Eyyühel uşşâk âteş keşte çün istâreim Lâcerem raksan heme şeb gerd-i on meh- pâreîm
Ey âşıklar, gelin bakın, gelin bakın, ey iş erleri.
Gelin de bizi görün işte…
Bakın nasıl yıldızlar gibi ateş kesilmişiz, ayın yöresinde bütün gece nasıl oynayıp dönmeye koyulmuşuz.
Güneşimiz gideli ortaya nasıl çıkmışız işte bakın.
Bakın nasıl anadan doğma çırılçıplak olmuşuz, nasıl başıboş olmuşuz bakın.
Ey âşıklar, gelin, gelin ey iş erleri, şarabın en tatlısı burada işte bakın, işte burada şarabın en iyisi, işte burada yıllanmışı şarabın.
Tanyeri ağarınca her gün, güzeller sultanımız çağırır, haydi der, ey çaresizler der, gelin, âşıklara derman olan biziz asıl, âşıklara biziz asıl tek çare, der.
Turdağı o şarabı içti. Körkandil şarhoş oldu. Turdağı kendinden geçti.
Bizim elimizden ne gelir, biz demirden dağ değiliz ki!

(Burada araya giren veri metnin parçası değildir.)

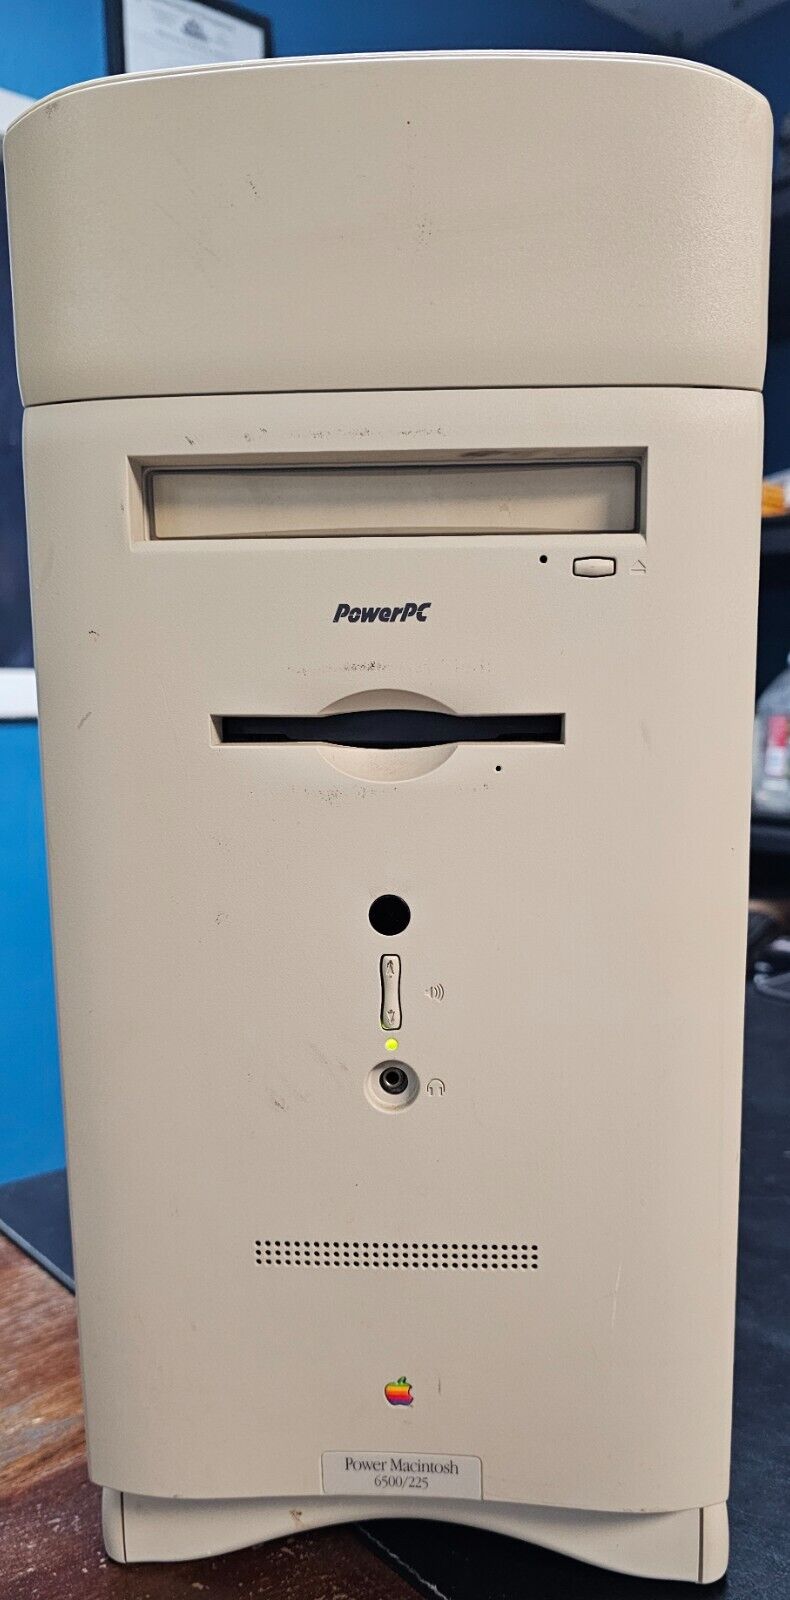 Vintage Apple Power Macintosh 6500/225 Desktop, Model M3548 Powers ON - Untested

Gökyüzünde, harman yerinde, yanan yıldızlarız ama, kesilsek dilim dilim, bölünsek parça parça, olsak arpa gibi, tane tane, gene de söz açamayız sırdan yana, veremeyiz ondan bir zerre bile.
Diyorlar aşk deli. Ama biz zırdeliyiz.
Diyorlar kötülüğe götürür insanı insanın içi.
Ama biz o iç’e emrederiz Tek bir aşka tutulmuşuz yani, yani senin aşkına tutulmuşuz.
Sen bir kez daha şu yolculuktan dön gel, gel Allah aşkına bir gör halimizi.